Neglecting the time series nature of the data in the complexity pursuit
algorithm yields an Independent Component Analysis -type algorithm
[5,
6,
9]. To demonstrate this, we leave
out the autoregressive modeling of the topic time series in our complexity
pursuit algorithm. The results of this are presented in Table 2. We can see
that topics 2, 5, 8, 9 and 10 in Table 2 more or less correspond to
topics 2, 3, 7, 8 and 6 in Table 1, respectively, but the keyword lists are
not as informative as in the previous case. The rest of the topics in Table
2 are not meaningfully characterized by the keyword lists.
Thus the presented method outperforms methods that do not consider the
text data dynamical.
|
Next, we analyze the results of assuming only 7 topics of discussion in
the same data set. The topic time series are seen in Figure 2.

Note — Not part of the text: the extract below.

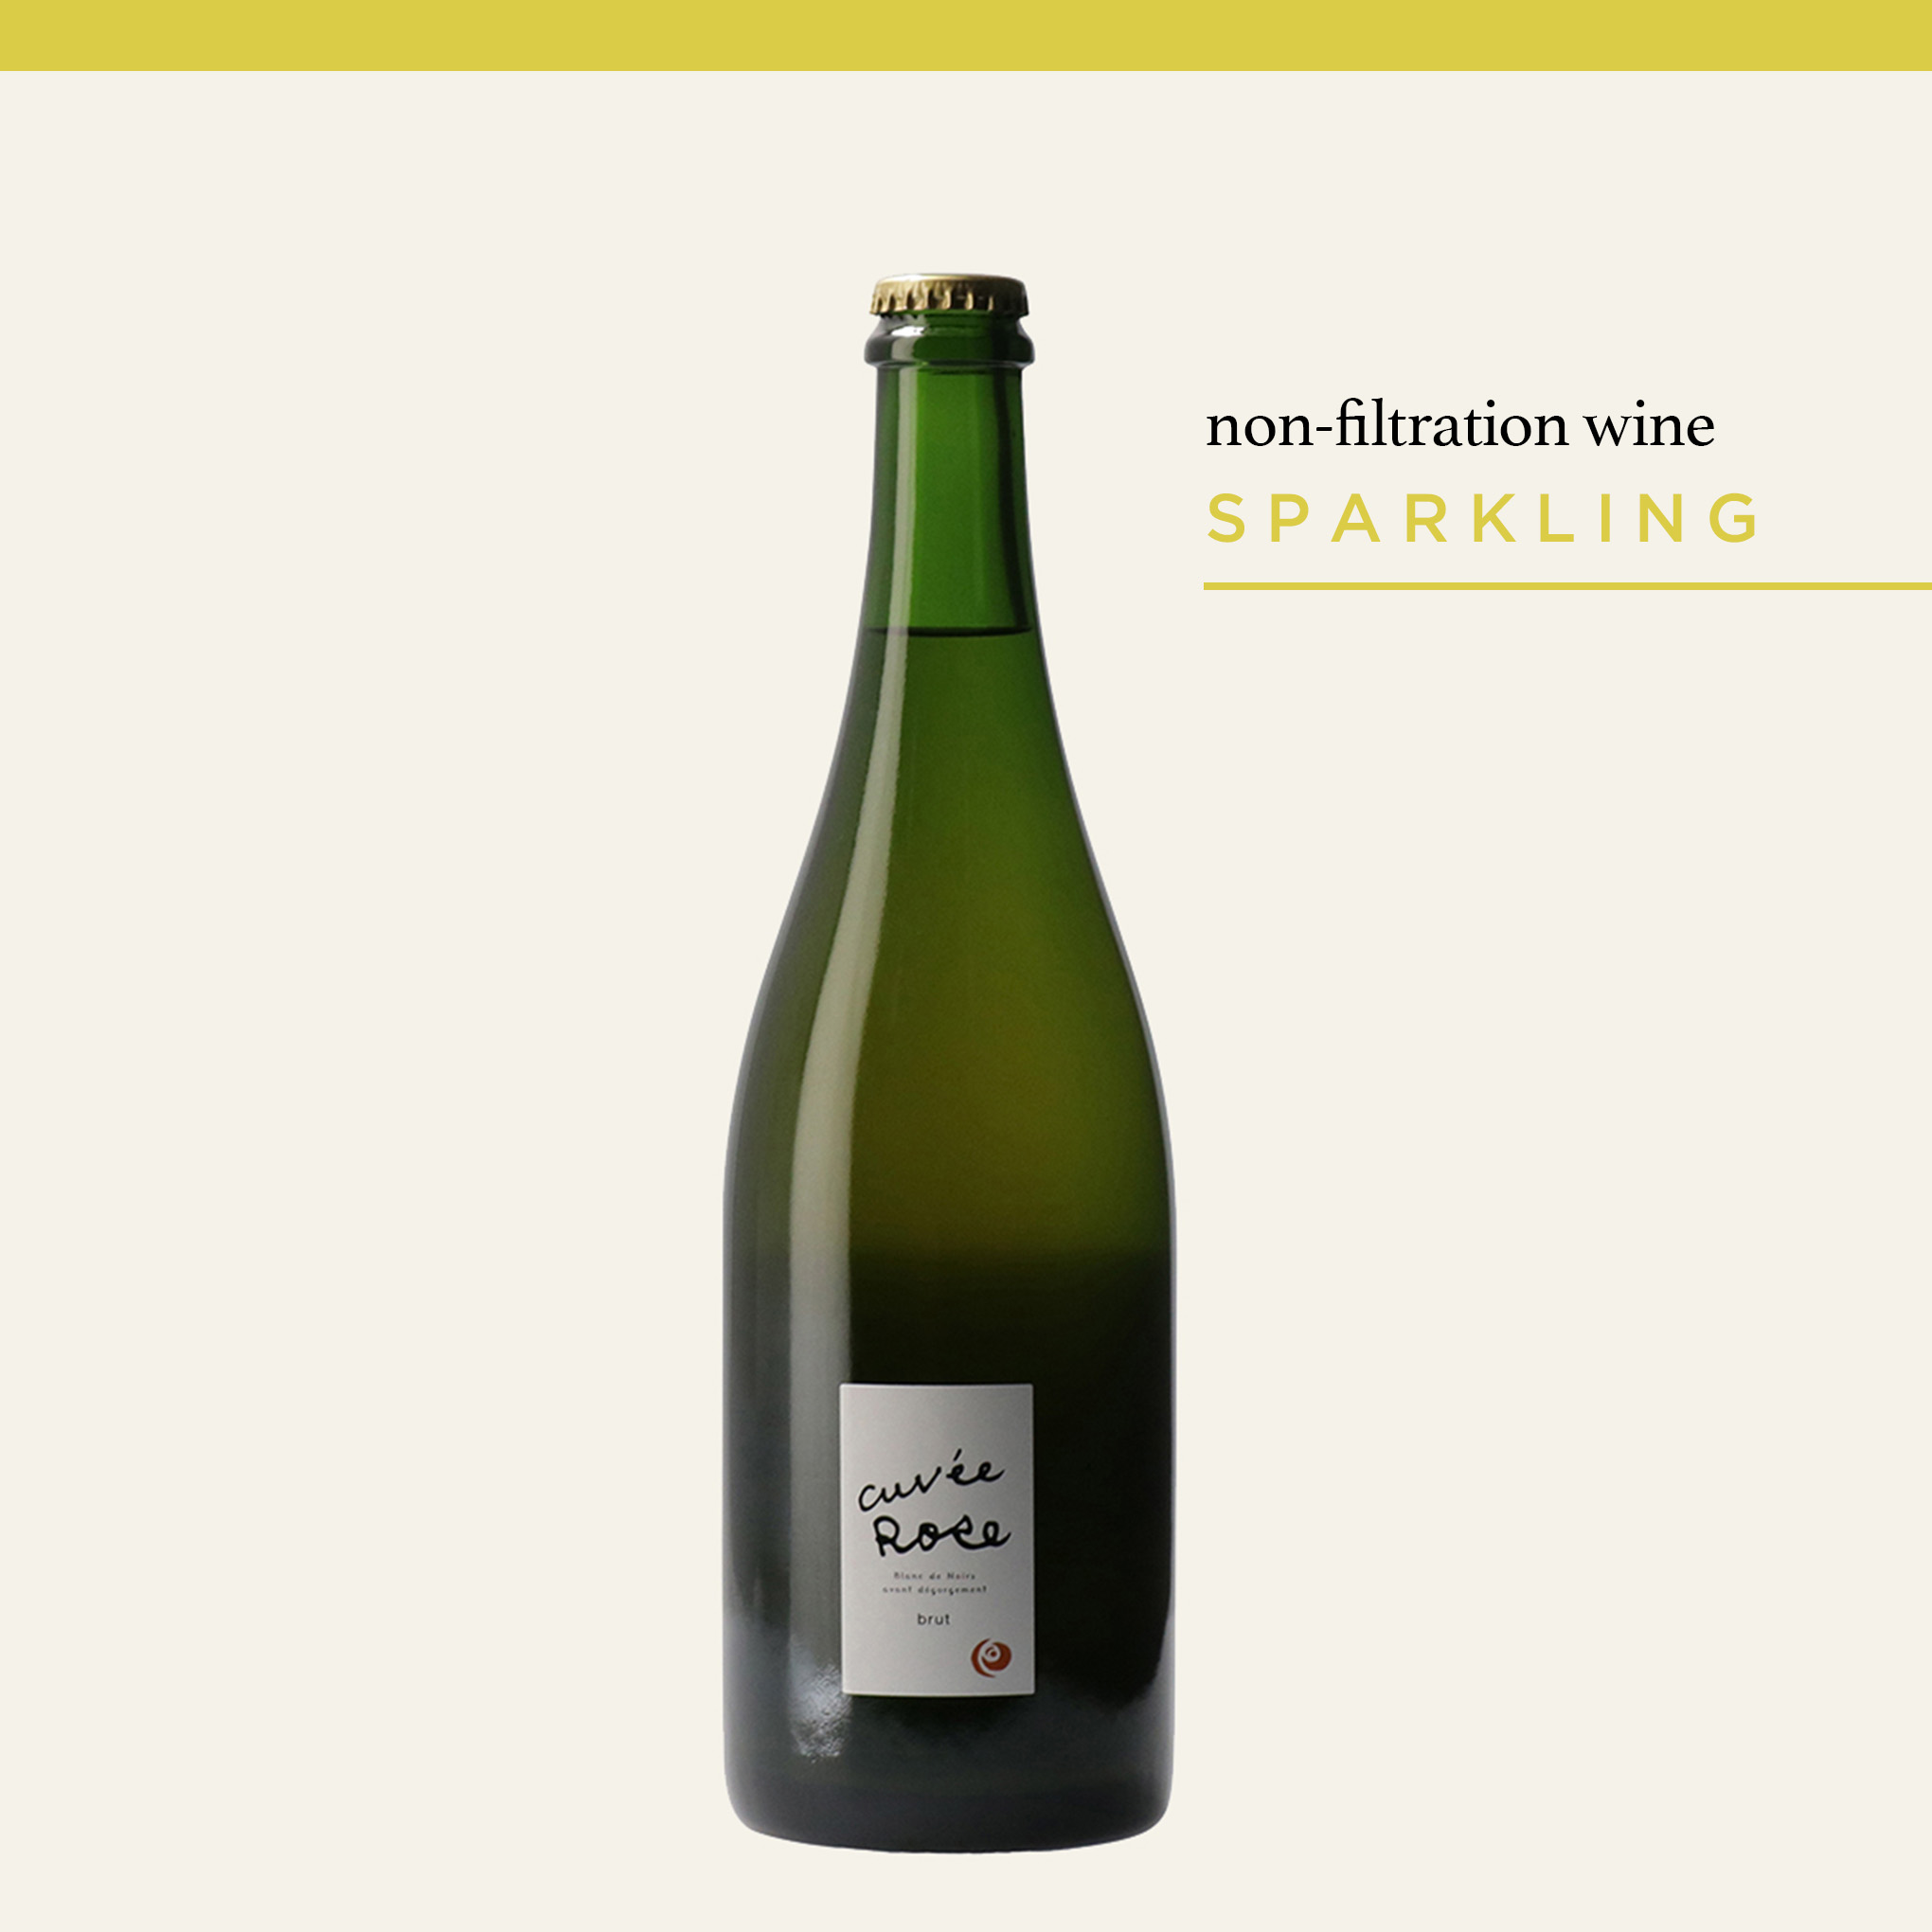 シャンパーニュ製法ながらも、澱を残した面白いスタイルの瓶内二次発酵スパークリングワイン『Cuvée Rose 2019 brut』。

The most representative keywords for the seven estimated topics are listed in
Table 3.
Topics 1, 2, 4, 5 and 7 now correspond clearly to topics 6, 10, 3, 7 and 8
in Table 1. Topic 3 involves the
contributions of the chat line operator, now with a different set of keywords.
Topic 6 deals with general future expectations regarding President Bush.
|
Estimating less than 7 topics gives a subset of the most clearly formed
topics, in
addition to a mixture of the other chat contributions. This is seen in
Table 4 where 4 topics are assumed.
Topics 1, 3 and 4 now correspond to topics 5, 2 and 7 in Table 3, and topic 2
is now a mixture of several discussions.
|
Our experimental results suggest that the topics are not strictly independent of others, but instead some topics share commonalities and some are more distinct from others. This encourages a topographical extension of the complexity pursuit algorithm in the future.
In this paper we have shown experimental results on how minimum complexity projections of a dynamically evolving textual data identify some underlying latent or hidden topics in the text stream. In contrast to static text collections, methods for analyzing dynamical text have been sparse. As an example of such dynamically evolving data we used chat line discussion data that is found in the Internet relay chat rooms. We modeled the topics as probability distributions on terms; the distributions having minimum complexity were assumed to best represent the distinct topics.
In our experiments we were able to find distinct and meaningful topics of the discussion, outperforming some more traditional methods. The results suggest that our method could serve in queries on temporally changing text stream, of which news-feed data is another example.
As some topics of discussion are more distinct than others, natural extensions of the work include recursive binary partitioning [10] of the data, or finding the topographic structure [4] of the topics.